110.   Therefore, there is a real chance the applicant would suffer serious harm as contemplated by ss 91R(1)(b) and 91R(2) of the Act at the hands of the Sri Lankan authorities on return to Sri Lanka in the reasonably foreseeable future. The Tribunal find that the essential and significant reasons that the applicant will encounter serious harm will be his membership of a particular social group of Tamil Sri Lankans perceived to be wealthy or belonging to wealthy families, as per s 91R(1)(a) and that such serious harm would involve systematic and discriminatory conduct as per s 91R(1)(c).

111.   Accordingly, the Tribunal accepts that the applicant has a well-founded fear of persecution in Sri Lanka for a Convention reason.

112.   With respect to the question of whether the applicant could relocate internally within Sri Lanka to avoid the harm he fears, the Tribunal notes that the applicant has a well-founded fear of persecution at the hands of the Sri Lankan authorities, who exist nationally. Given the widespread nature of corruption among policing, it will be possible for corrupt officials in one part of Sri Lanka to have the applicant arrested and detained in all other parts of Sri Lanka through vexatious warrants and accusations of the applicant being a threat to national security or as someone who breaches states of emergency laws.

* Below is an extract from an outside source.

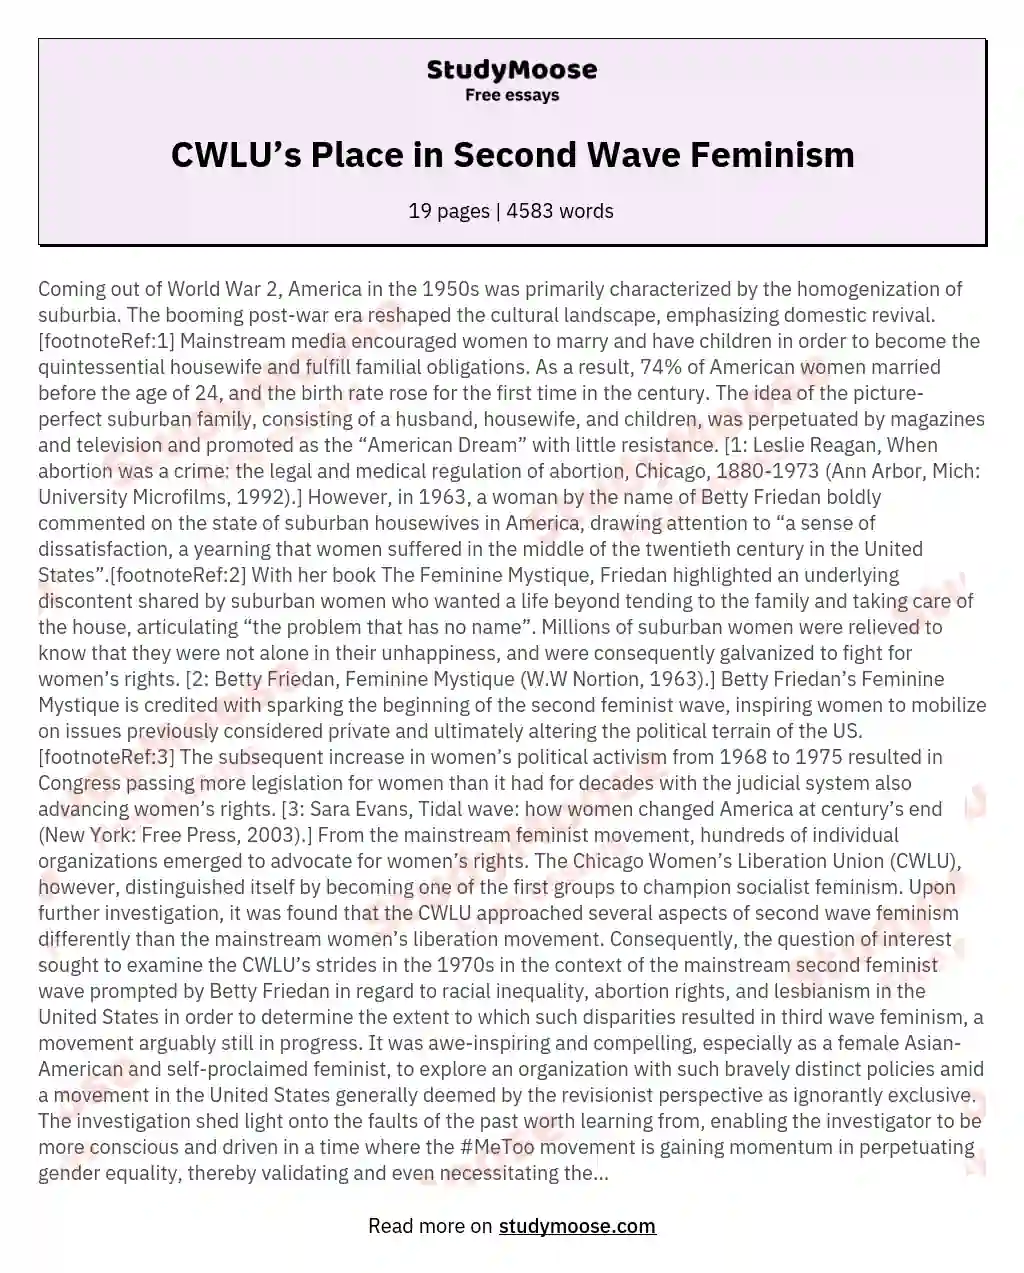 CWLU’s Place in Second Wave Feminism essay

113.   For the reasons set out above, the Tribunal is satisfied that the applicant satisfies Article 1A(2) of the Refugees Convention as amended by the Refugees Protocol.

114.   As mentioned above, s 36(3) of the Act does not apply in this matter.

Conclusion

115.   For the reasons given above, the Tribunal is satisfied that the applicant is a person in respect of whom Australia has protection obligations under the Refugees Convention.

116.   Therefore, the applicant satisfies the criterion set out in s 36(2)(a).

DECISION

117. The Tribunal remits the matter for reconsideration with the direction that the applicant satisfies s 36(2)(a) of the Migration Act.